▶ ASSIGNED TASK: Once you find the line containing "cm (velikost M)", set down exactly that line and every one after it through the end of the listing below, with both ends included and any pictures omitted.
BEGIN
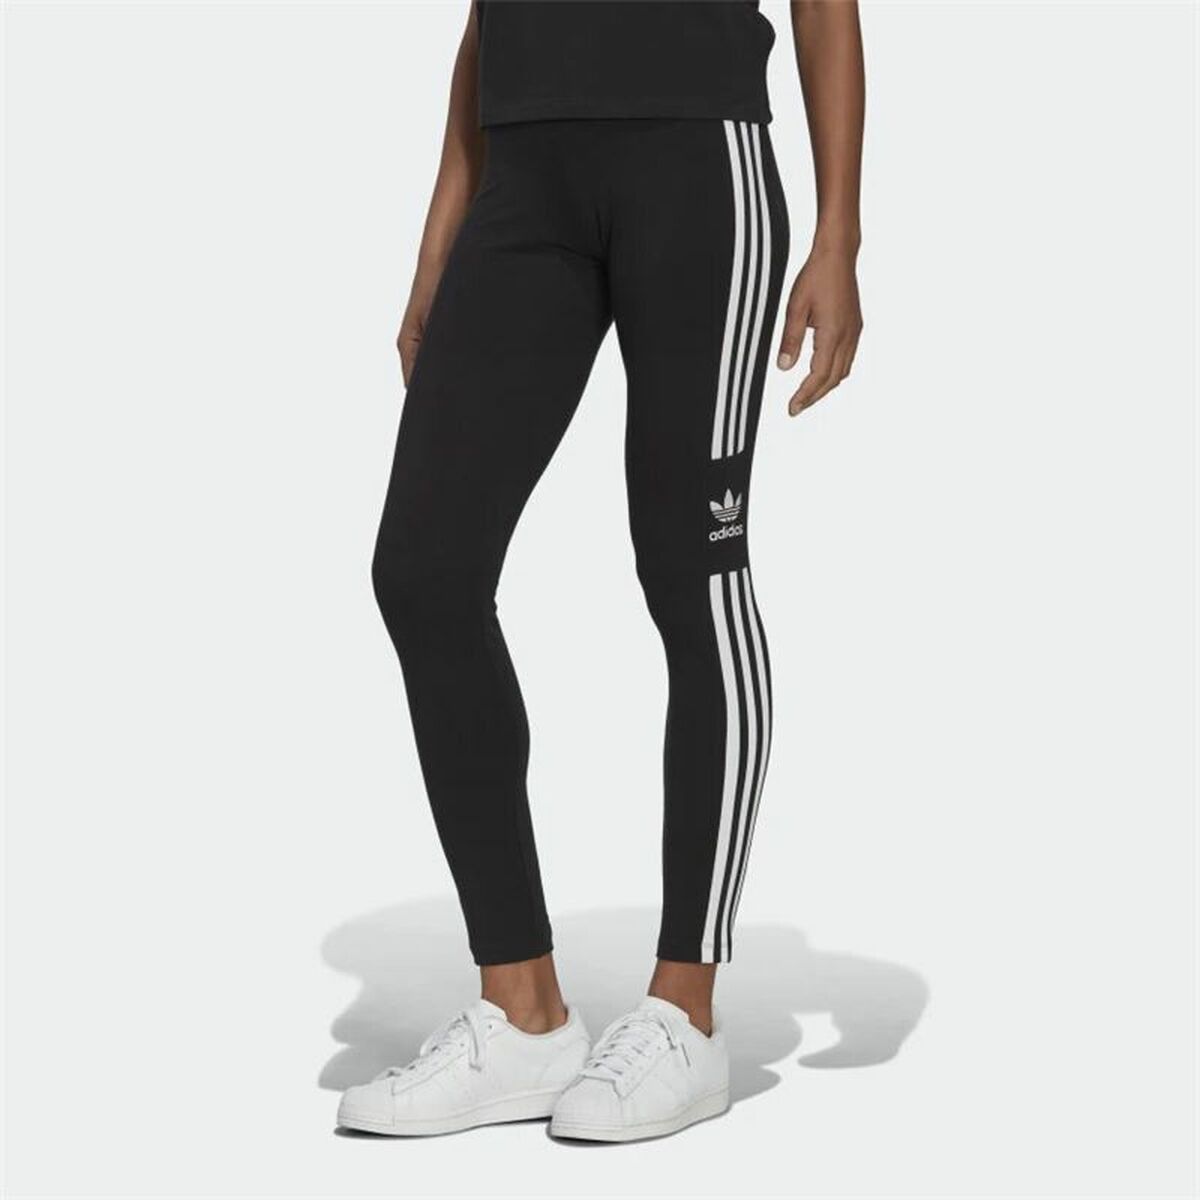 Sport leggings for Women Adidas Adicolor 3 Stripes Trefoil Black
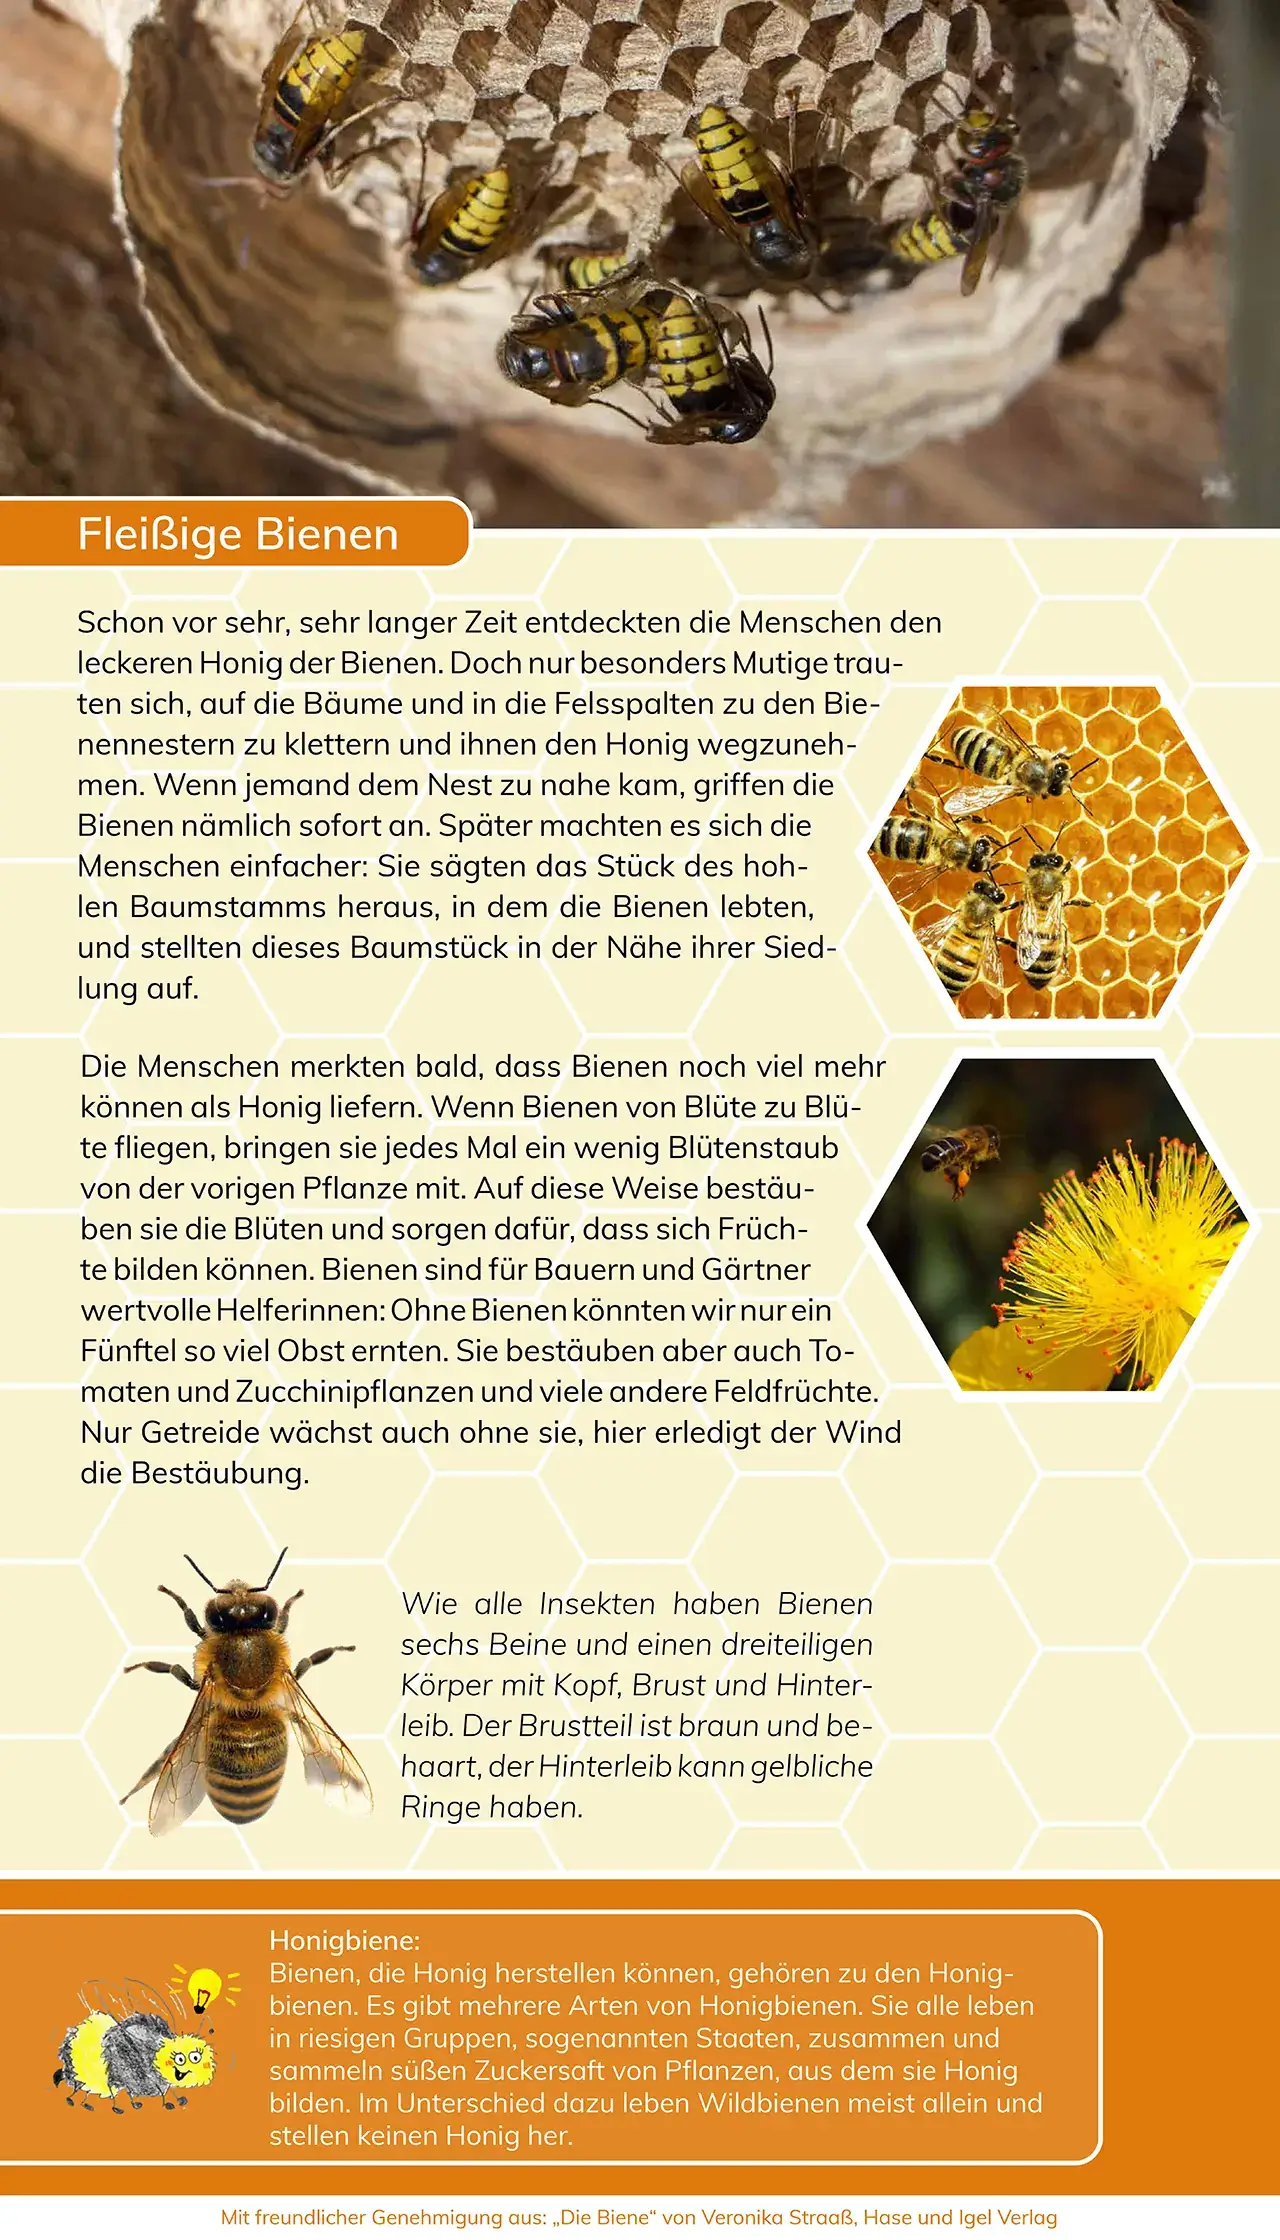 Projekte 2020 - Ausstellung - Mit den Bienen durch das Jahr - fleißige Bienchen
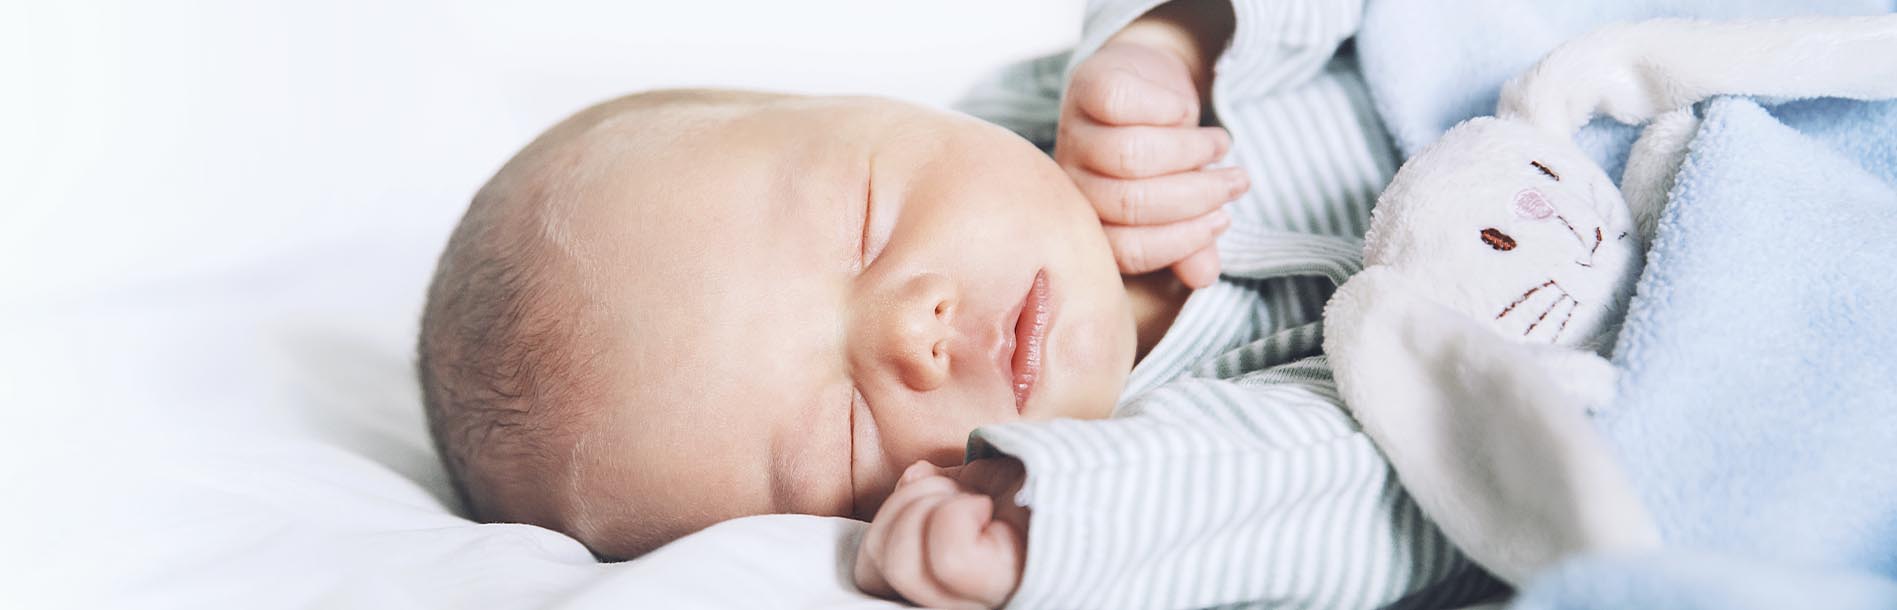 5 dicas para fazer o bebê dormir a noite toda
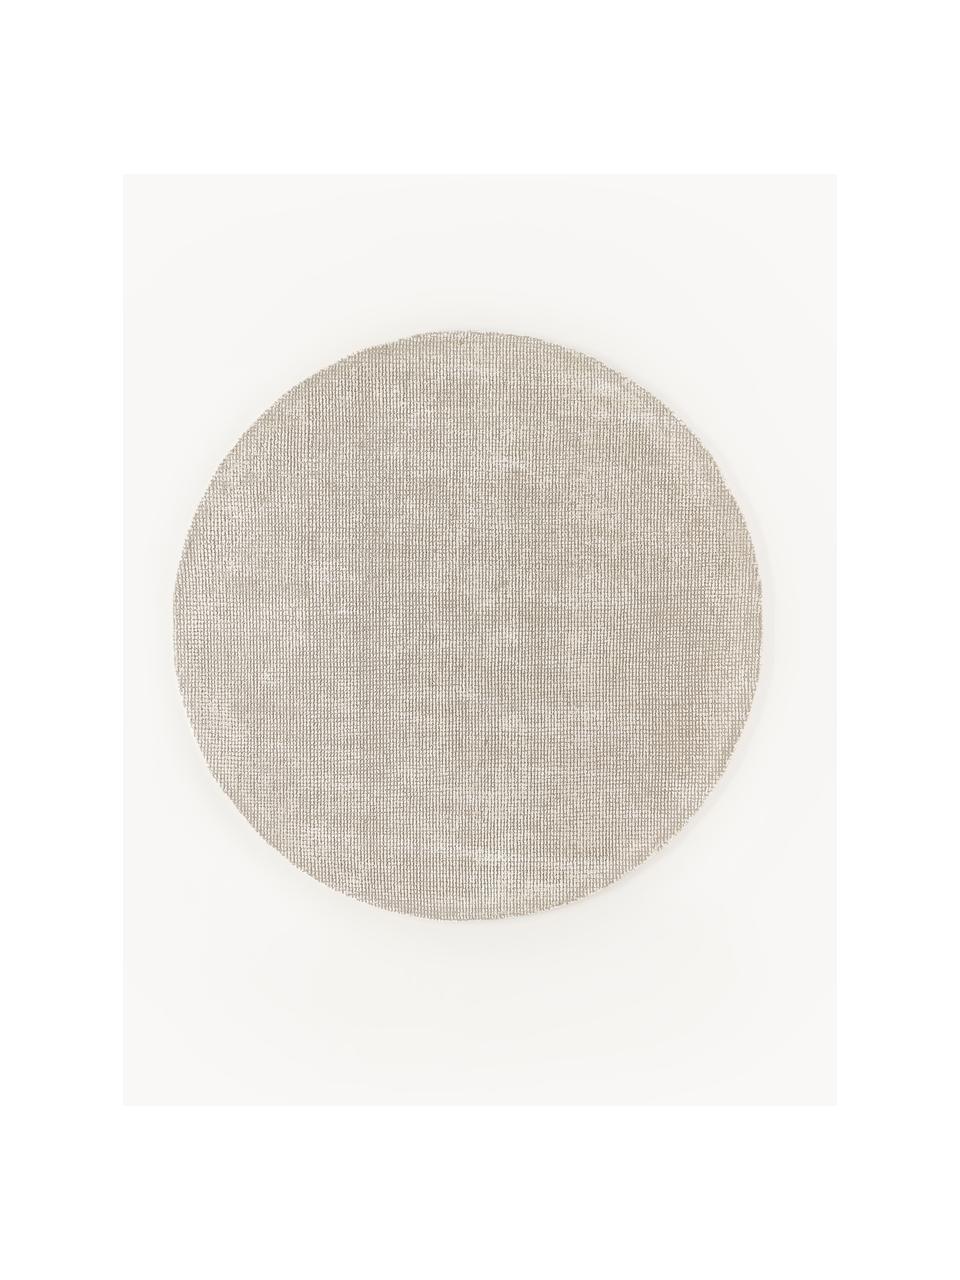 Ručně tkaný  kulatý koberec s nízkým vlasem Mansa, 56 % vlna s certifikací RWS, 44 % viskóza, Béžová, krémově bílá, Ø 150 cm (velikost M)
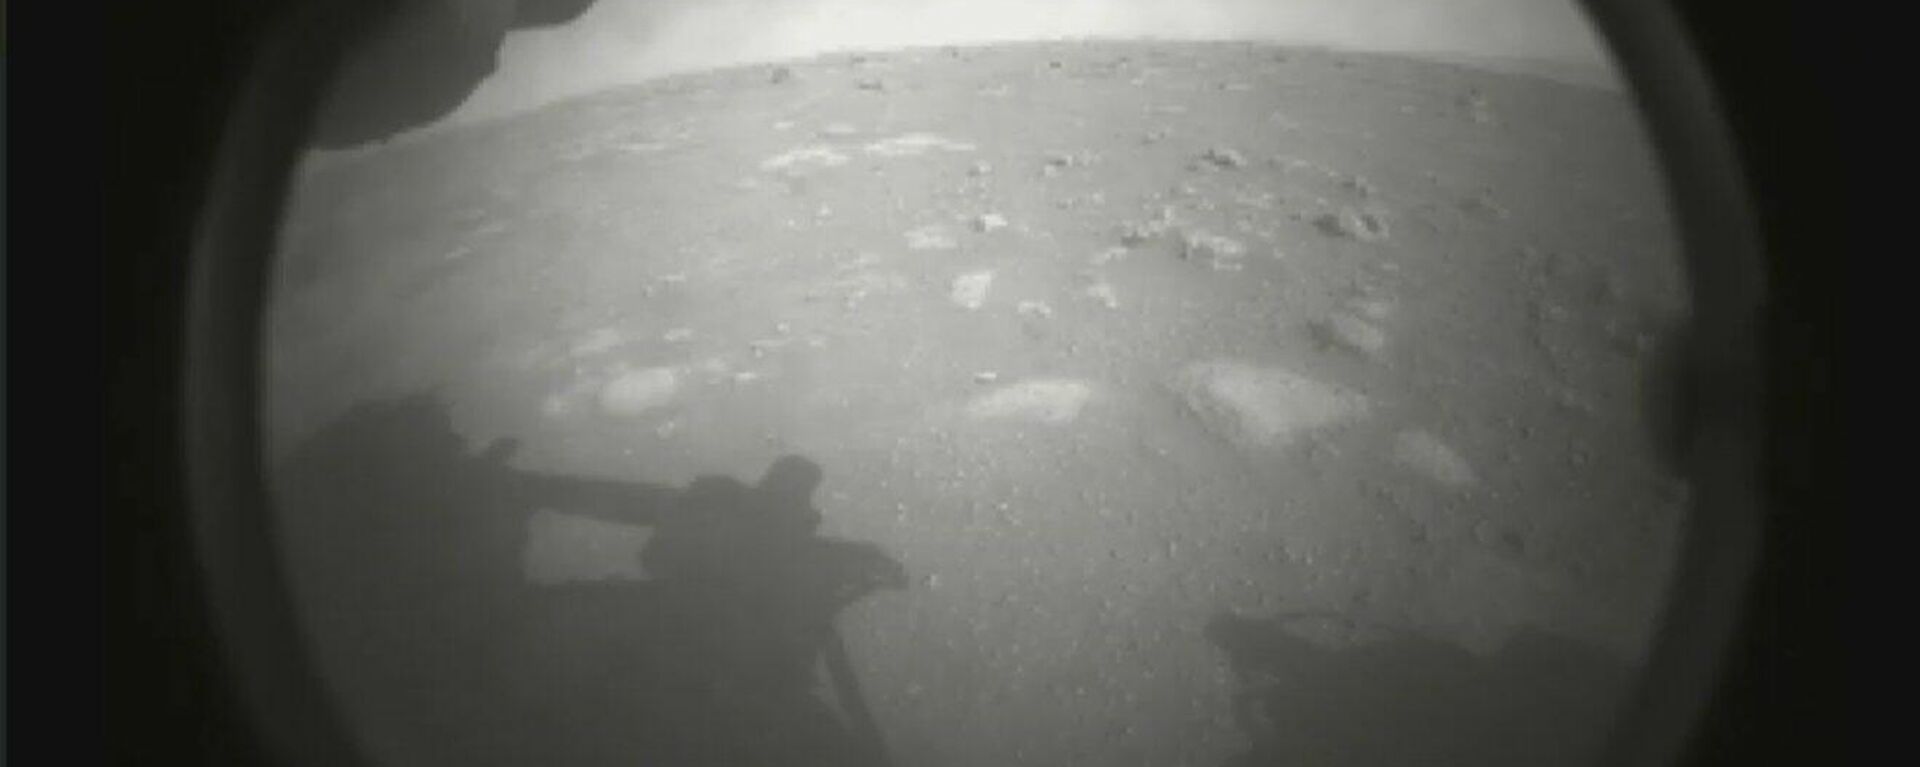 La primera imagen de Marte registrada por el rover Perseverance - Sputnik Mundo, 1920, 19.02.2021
END
▶ SOLUTION:
 Ručně tkaný  kulatý koberec s nízkým vlasem Mansa, 56 % vlna s certifikací RWS, 44 % viskóza, Béžová, krémově bílá, Ø 150 cm (velikost M)
 La primera imagen de Marte registrada por el rover Perseverance - Sputnik Mundo, 1920, 19.02.2021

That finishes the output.